City Auditor Dennis Gallagher officially began his effort Thursday to do away with the commission responsible for this week’s election debacle.
Gallagher filed the paperwork necessary to put a charter change on the May ballot to replace the Denver Election Commission with a single, elected clerk and recorder.
He will have to collect about 14,000 signatures to put the proposal to voters in May.
Meanwhile, City Council members, apoplectic over Election Day troubles, held an emergency meeting on the failed launch of vote centers in Denver.
Tuesday’s vote was the first general election in which the city used 55 centers instead of traditional neighborhood precincts, prompting long delays as poll workers trying to check in voters had problems accessing the city’s voter-registration database.
Councilwoman Elbra Wedgeworth said she wanted to see the city do away with the vote centers and go back to the system of voting in precincts.
“People trust the precinct system, and maybe we should stick with that,” she said.
Election Commissioner Susan Rogers told the City Council that commission members wanted to switch to an all-mail ballot.
But some council members took issue with that idea.
“The idea that we have all this equipment and it doesn’t service us, to me, is alarming,” said Councilwoman Carol Boigon.

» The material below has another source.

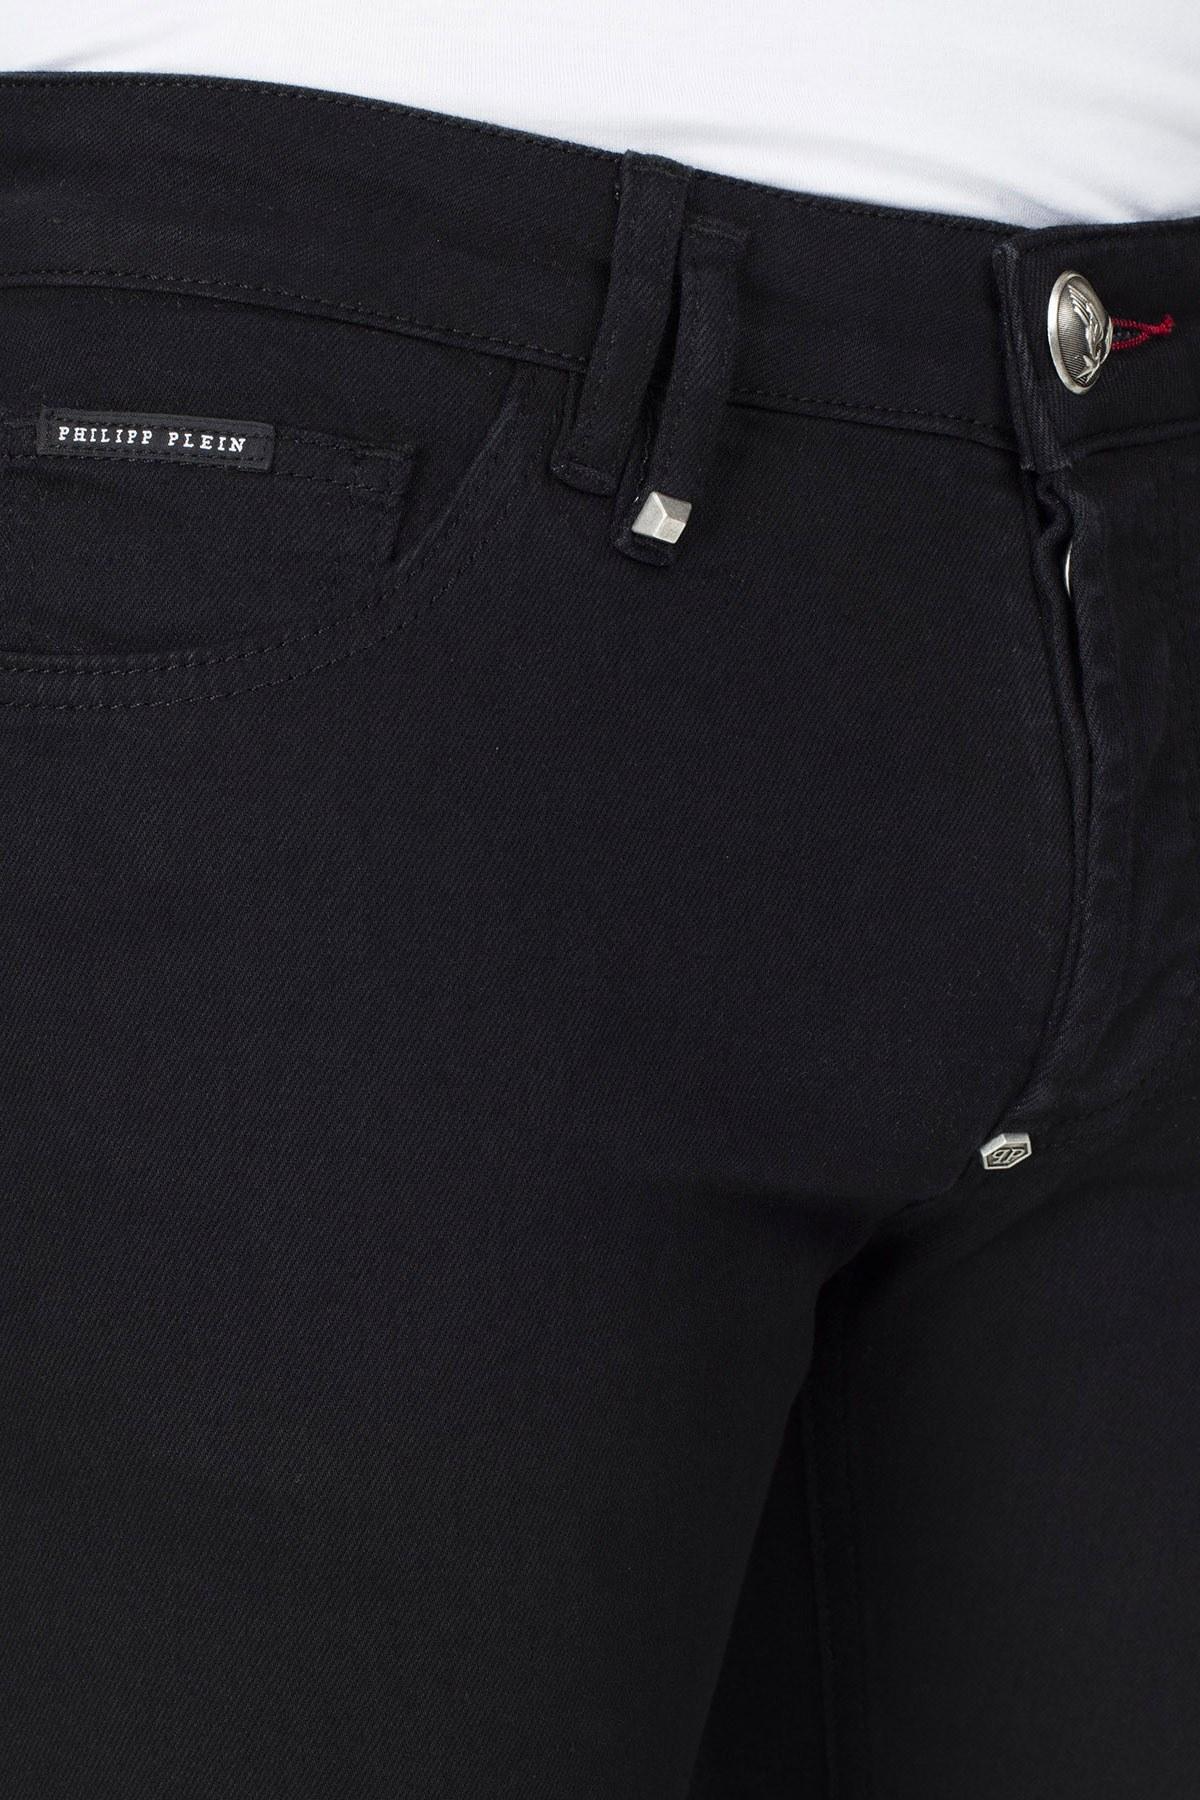 Philipp Plein Jeans Erkek Kot Pantolon P20C MDT2168 PDE004N 02TE SİYAH

The council plans to hold a public hearing with the election commissioners as soon as next weekend – although a firm date has not been set.
Boigon also ordered up an audit of the commission’s computer equipment that is expected to begin in a matter of days.
Both come on top of an investigative task force that Mayor John Hickenlooper announced Wednesday. Some council members questioned that decision, given that it would be the third time in two years that city officials have looked at overhauling the commission.
“People actually were alarmed at convening another blue-ribbon, fact-finding panel,” Councilwoman Judy Montero said.
Whatever their decisions, Auditor Gallagher’s spokesman, Denis Berckefeldt, said the overhaul is coming. “The auditor is not going to wait,” Berckefeldt told the council. “He thinks that this needs to happen, and it needs to happen now.”
After filing paperwork Thursday, Gallagher and his Denver Voters for Election Reform committee have 10 days to come up with petition language.
Berckefeldt said the petition would say that the election commissioners, also up for a vote on the May ballot, would serve only until November, when a clerk and recorder would be elected.
Currently, there are two elected commissioners, and an appointed clerk and recorder serves as the third.
System-backup woes
Delays in backing up a voter-registration database early Tuesday morning may have contributed to long lines early in the morning of Election Day, according to Sandy Adams, a Denver election commissioner, and Jenny Rose Flanagan, executive director of Colorado Common Cause.
Election officials wanted to update the database as late as possible before Election Day, Adams said, to be sure it noted as many absentee voters as possible. But the process didn’t finish by the 7 a.m. opening of polls in Denver.
Flanagan said other election officials gave her the same explanation for early-morning delays Election Day. “But this doesn’t explain the problems we saw later in the day, the problems we saw in the primary,” she said. “We should have addressed them before the election.”